COMMENTARY

Obama’s China Encirclement Policy: Why It’s Likely to Work

In Myanmar, the president is playing a Nixonian game of realpolitik. But he has little choice.

Updated: May 30, 2013 | 12:14 a.m.
November 19, 2012 | 10:16 a.m.

President Obama waves as he embraces Myanmar opposition leader Aung San Suu Kyi after addressing the media at her residence in Yangon, Myanmar, Monday, Nov. 19, 2012. (AP Photo/Carolyn Kaster)

And what of China’s vaunted financial leverage? (As Secretary of State Hillary Rodham Clinton put it in a now-famous conversation with Australia’s prime minister published by WikiLeaks, “How do you deal toughly with your banker?”) Strategists believe that China’s financial power is exaggerated as well: In truth, Beijing owns only about 8 percent of U.S. debt. And Japan, a reliable U.S. ally that’s likely to remain one, recently moved back past China as the largest holder of U.S. debt.

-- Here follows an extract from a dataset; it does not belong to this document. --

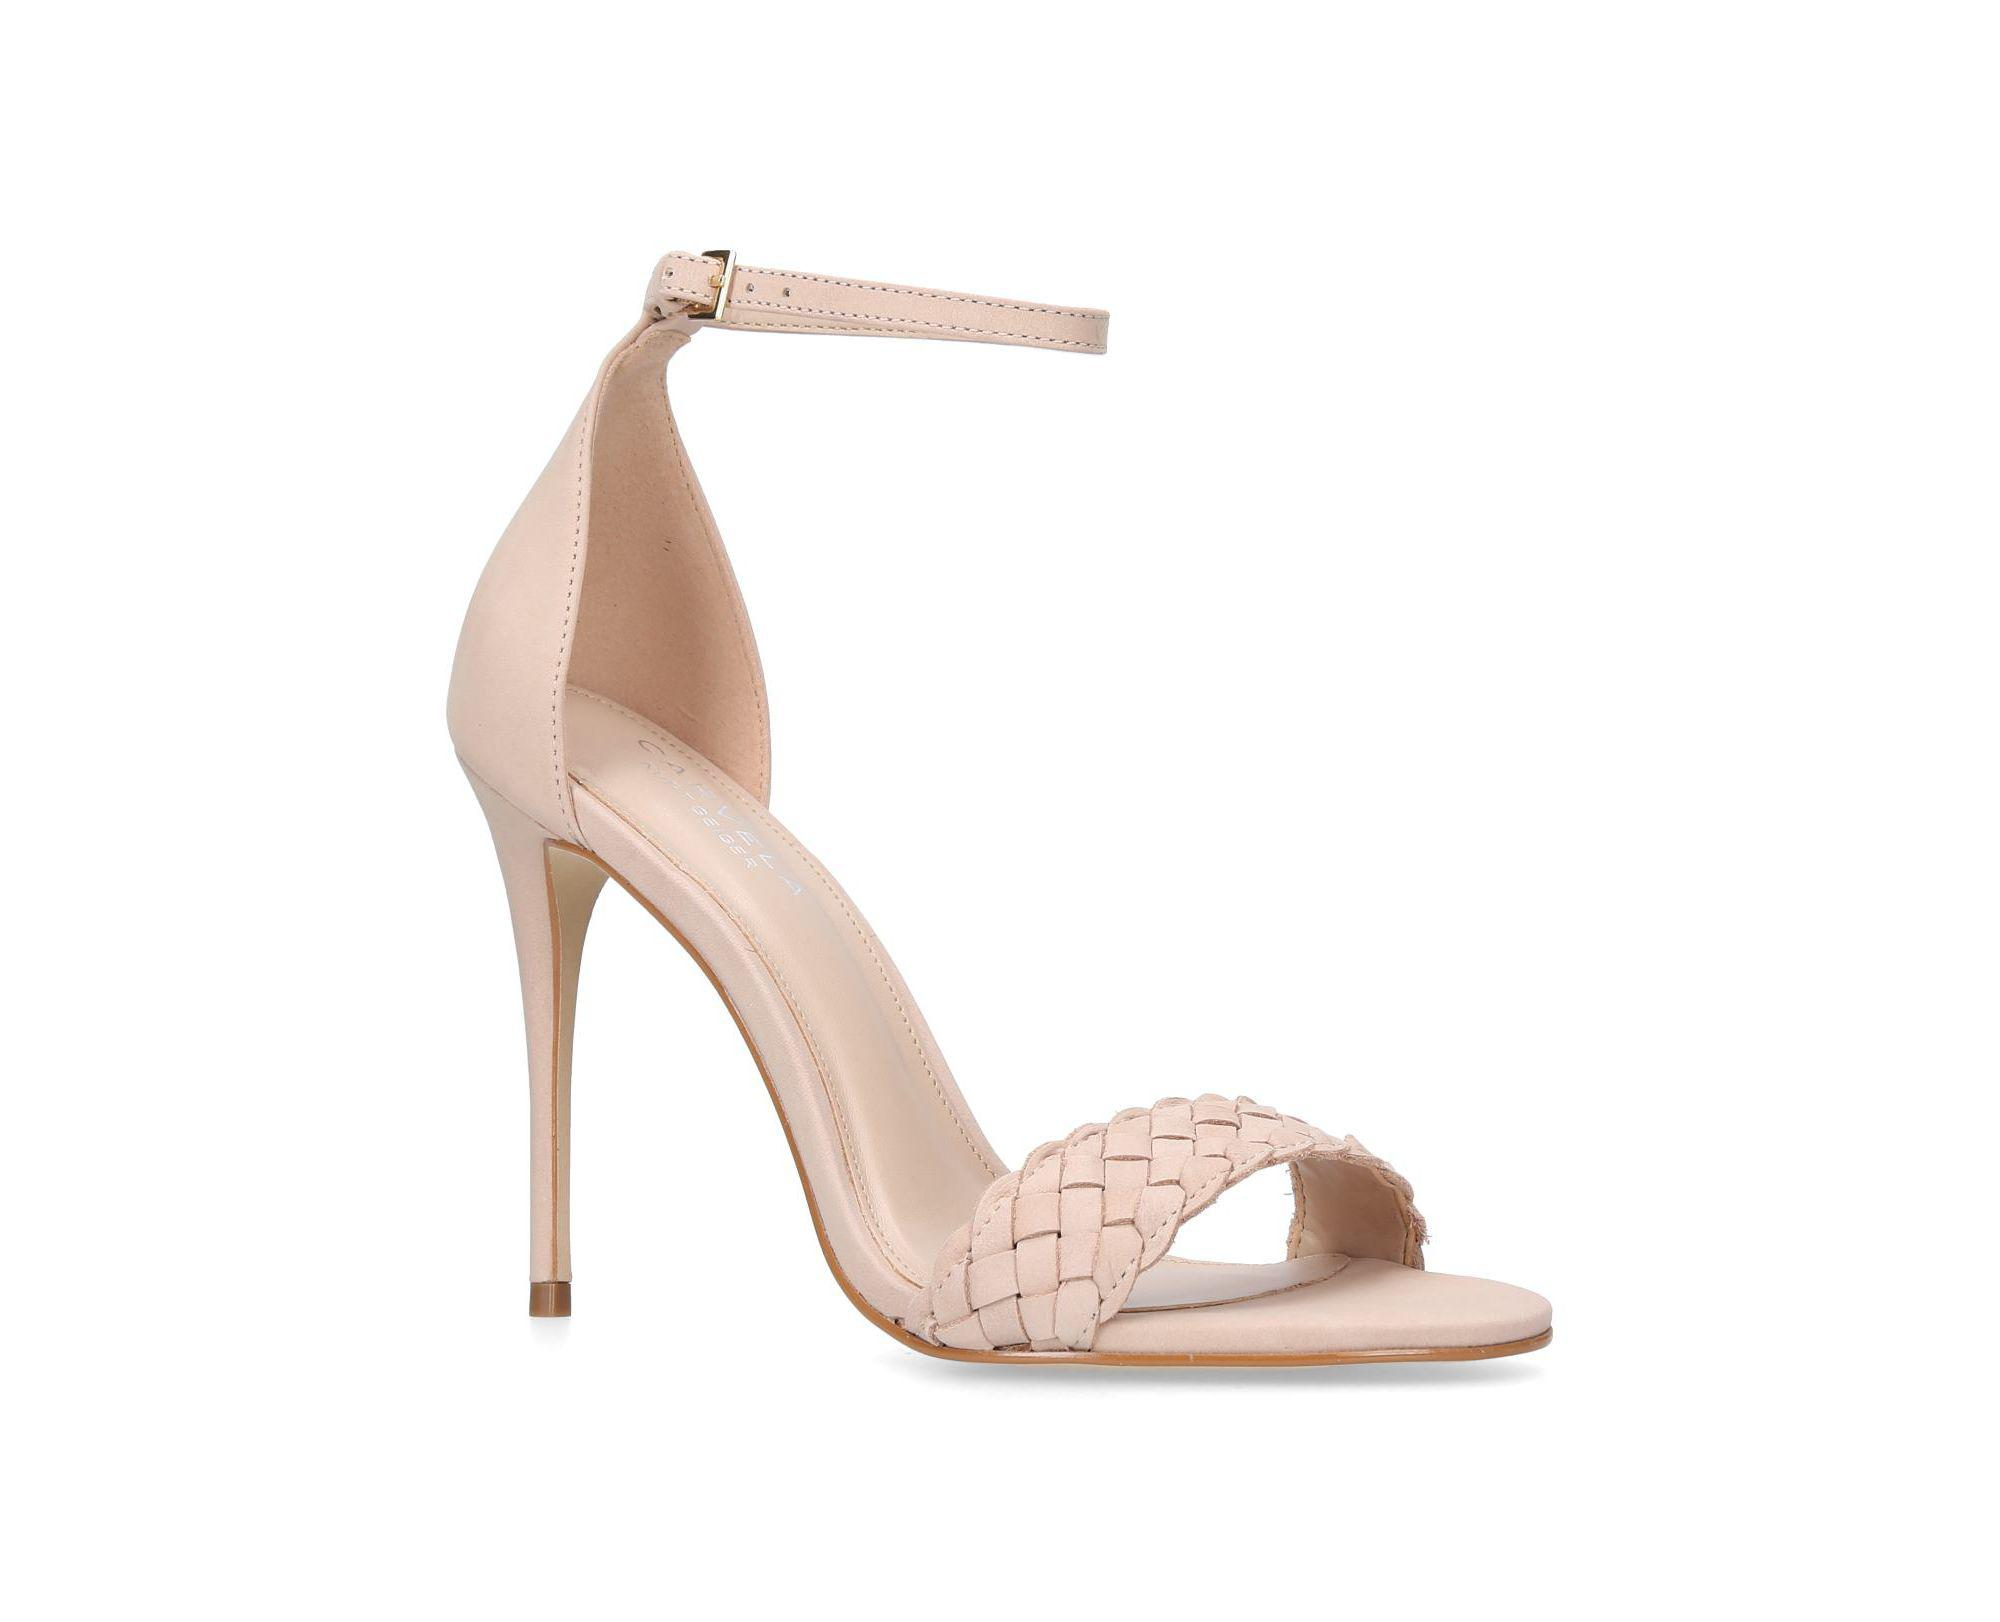 4dfd4a7ea261 Carvela Kurt Geiger Nude  glimpse  Ankle Strap Sandals in Brown - Lyst

As World Bank President Robert Zoellick writes in the current issue of Foreign Policy, quoting Bob Carr, Australia's foreign minister, "The United States is one budget deal away from restoring its global preeminence."

As far as change to Myanmar goes, the country is still run by an ex-general, Thein Sein, who likely still answers to another general, Than Shwe, the officially retired senior junta leader. It is also clear that Suu Kyi has weakened her resolve somewhat from the early days when she demanded the regime give up power and restore her party's place after it won an overwhelming electoral victory in 1990. Now,  Suu Kyi will be working with her captors rather than defying them, and America will be welcoming another set of repressive dictators into its circle of trust. A gradual lifting of U.S. sanctions will permit eager U.S. businesses to rush into the impoverished but mineral-rich country.

Yet despite the marginal pressure being put on the regime now, history shows that engagement works much better than isolation. The key to the destruction of the Soviet Union and its sphere of influence, the East bloc, lay as much with the Helsinki Final Act signed by President Ford in August 1975 as it did with Ronald Reagan’s arms buildup. As part of an agreement, Moscow signed onto vague promises of “human rights and fundamental freedoms” that eventually inspired “Helsinki monitoring groups” in East-bloc countries, most famously Charter 77 in Czechoslovakia. Thus, Helsinki helped to engender the dissident movements that blossomed in the 1980s and eventually destroyed the Soviet bloc.

So, despite the outcry from human-rights activists who oppose Obama’s visit, even filmmaker Bob Lieberman thinks the president’s policy is right, despite his snub from the U.S. Embassy. “I think it’s a good idea that he is going,” says Lieberman. “It forces them into the 21st century.”  If Obama is right, the same thing will happen to China.